NexusRaven-V2: Supercharging reliability for tool-use

To break out the dilemma, we advocate that tool-use should become the overarching orchestration task. In the meanwhile, content generation is offloaded to tools (may or may not be LLMs) under orchestration. As shown in Figure 2, we leverage large-scale tuning to optimize NexusRaven-V2 for extractive reasoning in reliable tool use (more specifically, in the form of function calling). This opens the opportunity to attain a superior tool use reliability at two magnitudes smaller model size than GPT-4.

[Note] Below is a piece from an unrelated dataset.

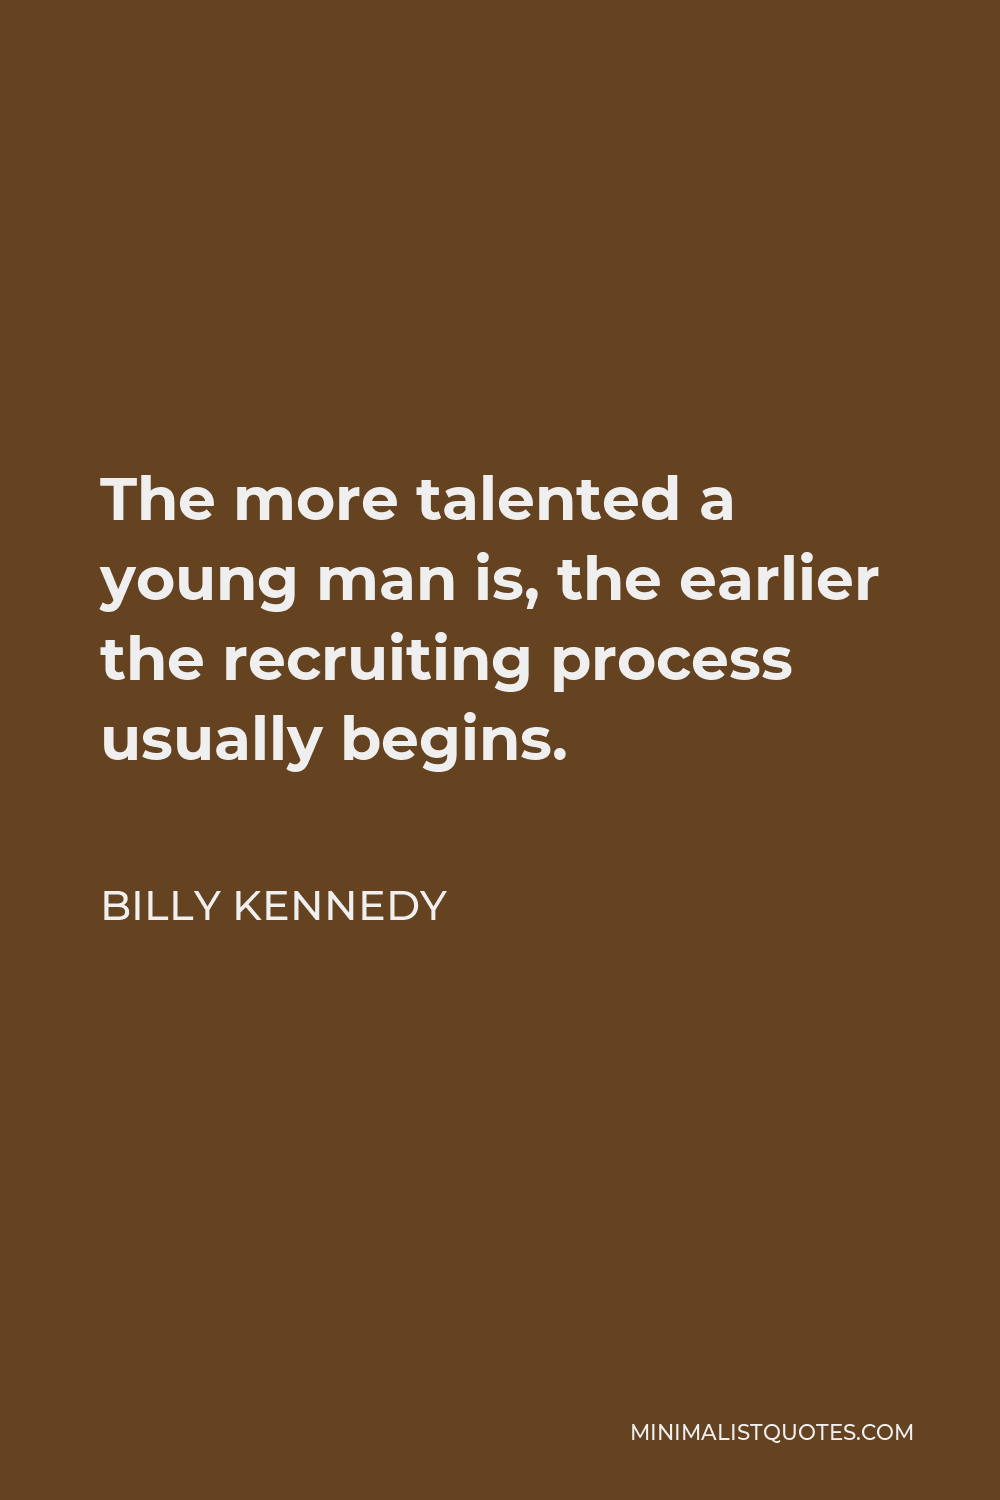 Billy Kennedy Quote - The more talented a young man is, the earlier the recruiting process usually begins.
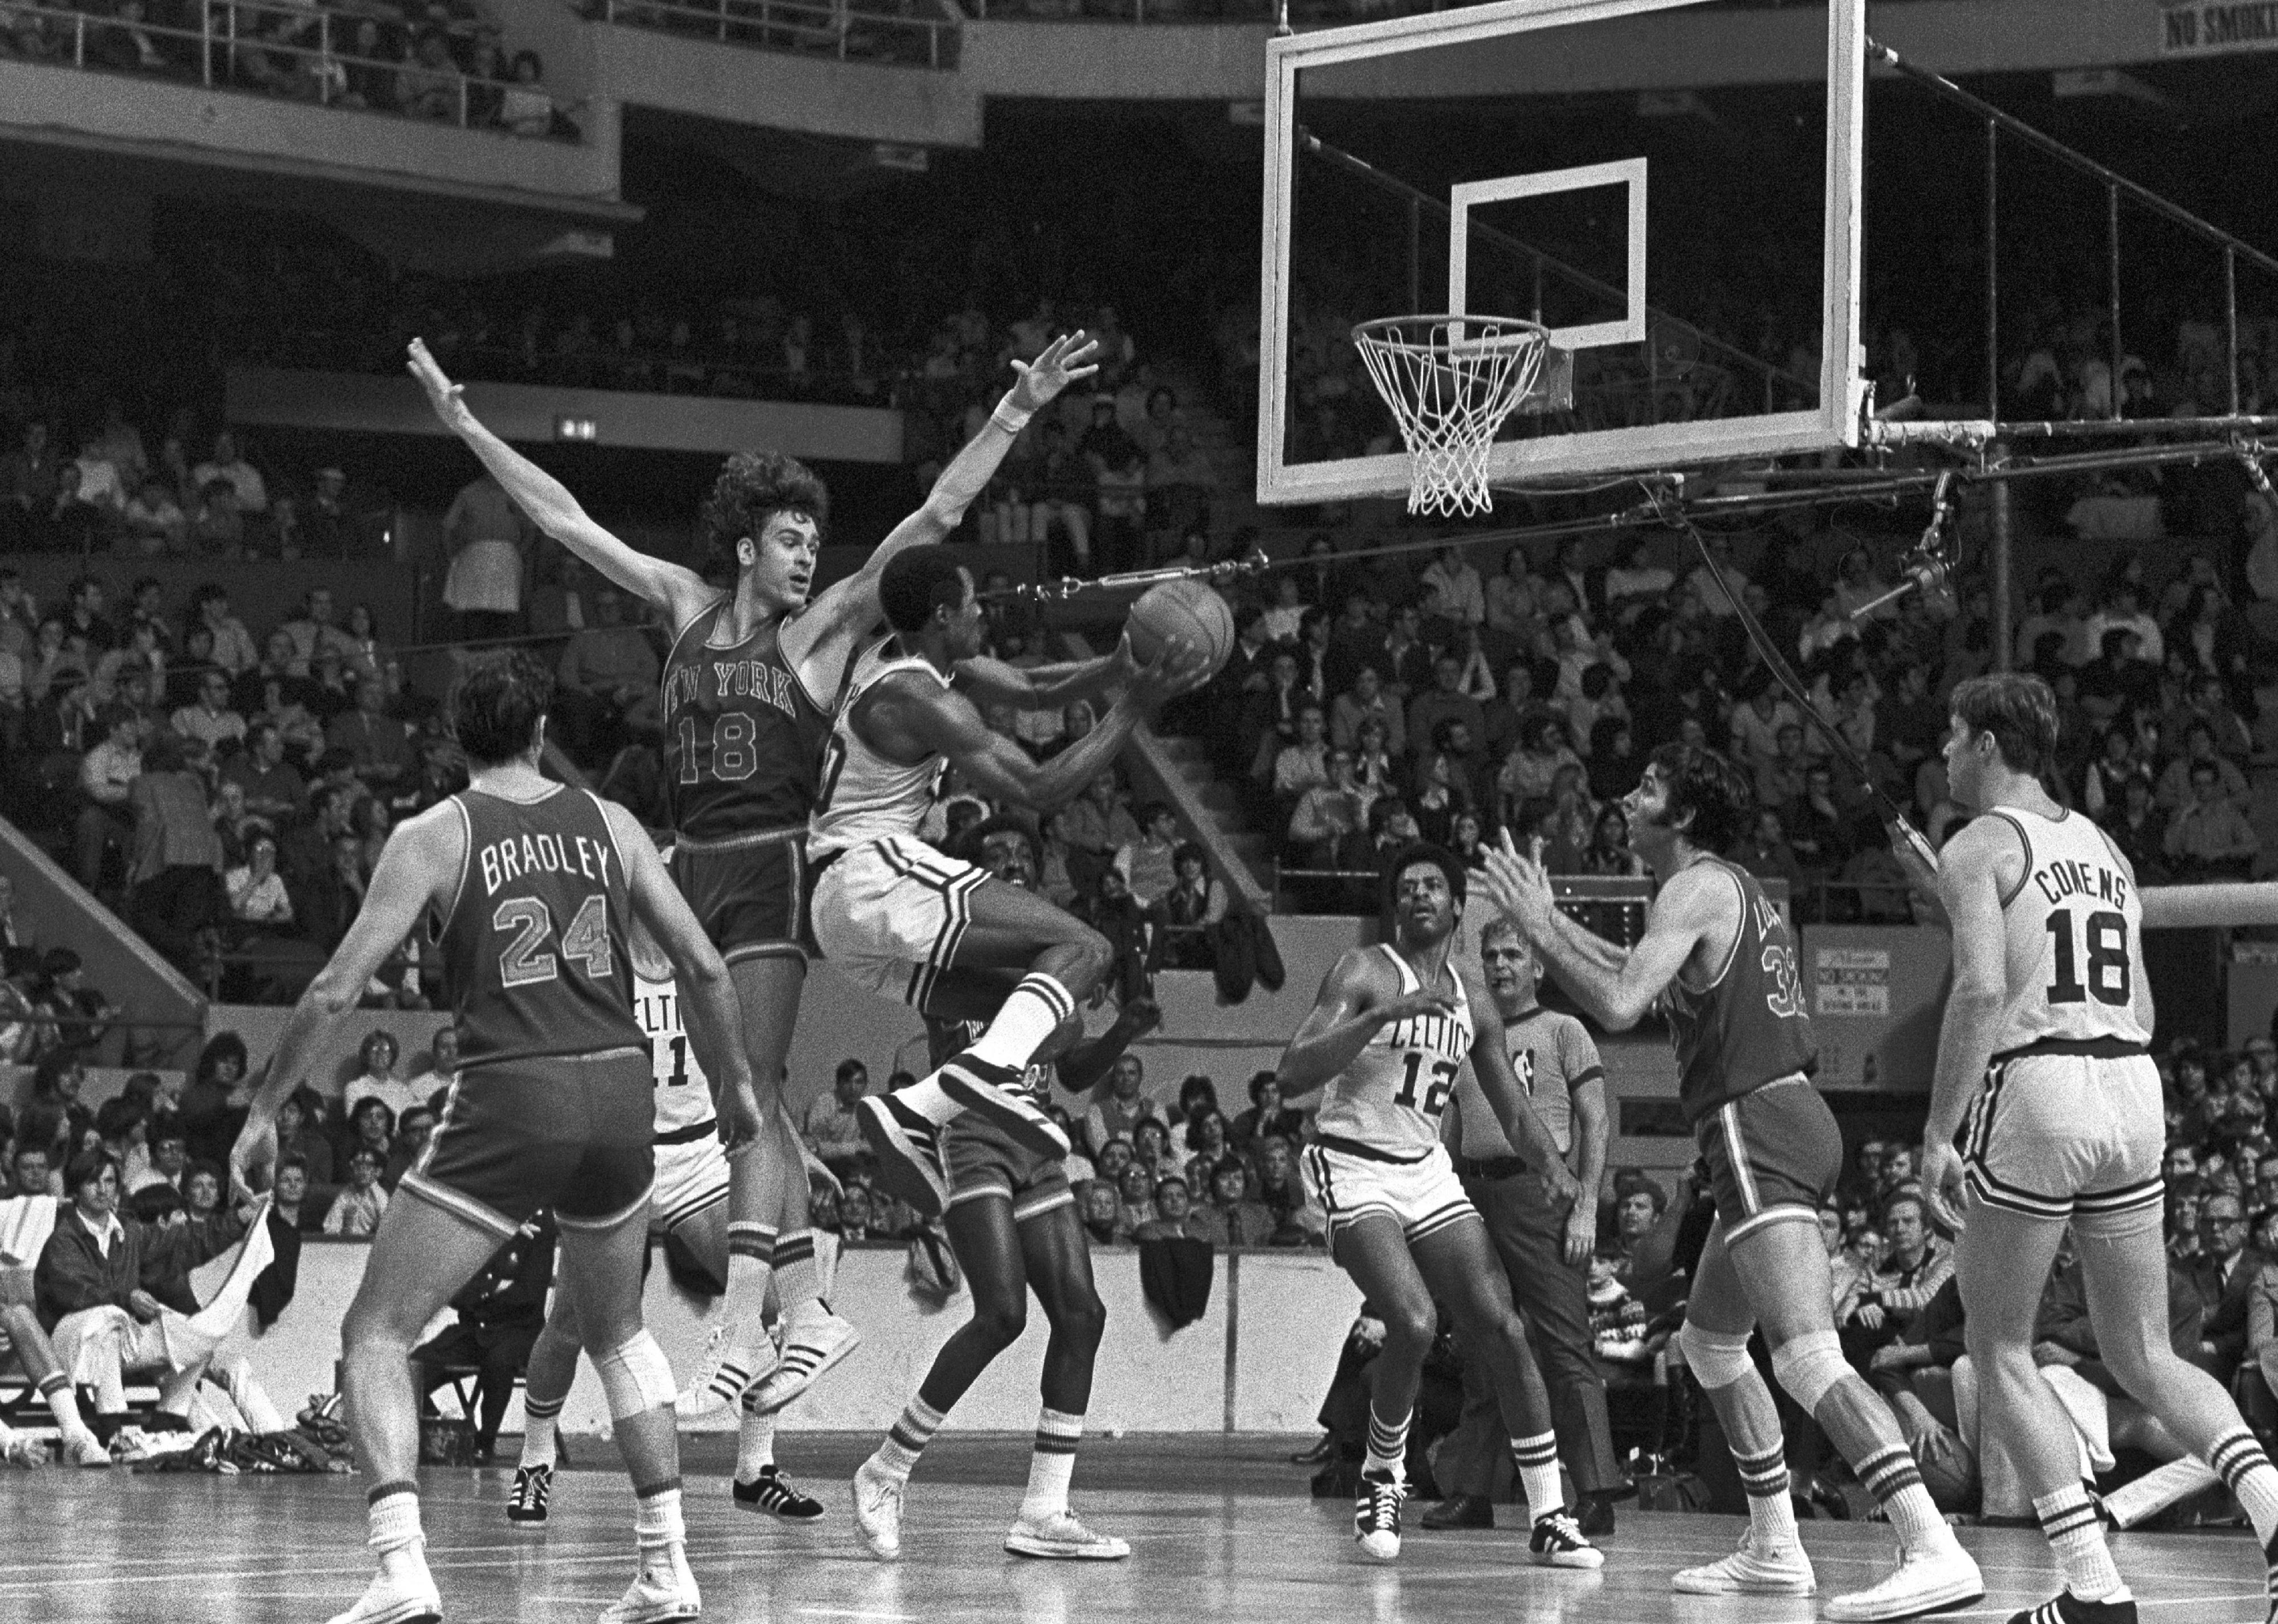 Jo Jo White of the Boston Celtics jumps during a game against the New York Knicks.

Figure 2. NexusRaven-V2 is tuned in large scale to optimize for reliable tool use (function calling), outperforming GPT-4 on tool use reliability at two magnitudes smaller model size.

Validation in third-party independent research

In a recent third party research regarding the robustness of function calling LLMs for agent applications, NexusRaven-V2 LLM demonstrated leading reliability in turning human instructions into software tool operations. We refer readers to the appendix on the details of the performance measurements.

  • Attains Zero case of hallucination out of 840 test samples on determining what tools to leverage and how to use them. This outperforms both GPT-3.5 with 50 hallucinations and GPT-4 with 23 hallucinations.
  • Outperforms GPT-4 by 9% higher success rate in information seeking applications with technical tools (e.g. Financial transaction understanding,  real-time search and etc.) that requires great attention and faithfulness to details.
  • Outperforms GPT-4 by 4% higher success rate in adversarial settings requiring strong comprehension of tool documentations, including cases with uninformative tool and API argument names often observed in practice.

NexusRaven-V2 is one piece of the puzzle in the stack built in Nexusflow. We want to thank the RoTBenchmark team for their great effort on the rigorous robustness evaluation on tool-use capabilities. We are excited to work with the community to push the boundary of reliable agents for workflows.

Reference

[1] Ye et. al. RoTBench: A Multi-Level Benchmark for Evaluation the Robustness of Large Language Models in Tool Learning

Appendix

Zero tool-use hallucination

  NexusRaven-V2 GPT-3.5 Turbo GPT-4
# of tool-use hallucination cases 0 50 23
Table 1. NexusRaven-V2 attains 0 tool-use hallucination in 840 test cases. This is compared to 50 and 23 hallucination cases for GPT-3.5 turbo and GPT-4. Derived from Table 6 in [1].

Information seeking with technical tools

  NexusRaven-V2 GPT-4
Information Retrieval 68.22 46.22
Application Manipulation 47.33 42.89
Financial Transaction Processing 53.11 44.89
Real-Time Search 52.67 51.11
Average 55.33 46.28
Table 2. NexusRaven-V2 outperforms GPT-4 in information seeking applications using technical tools, on average across all noise perturbation levels. Operating these tools requires faithful attention to details. Derived from Table 19, 18, 16, 15 in [1].

Cases requiring strong tool document comprehension

  NexusRaven-V2 GPT-4
Tool Selection 62.38 60.00
Parameter Identification 37.62 32.86
Content Filling 30.00 25.24
Average 43.33 39.36
Table 3. NexusRaven-V2 outperforms GPT-4 on the heavy noising level across all scenarios. Operating under heavy noise of the tools requires a strong understanding of the tool documentation, as the function names are perturbed. Derived from Table 2 in [1] by averaging heavy noising performance across Tool Selection, Parameter Identification, and Content Filling.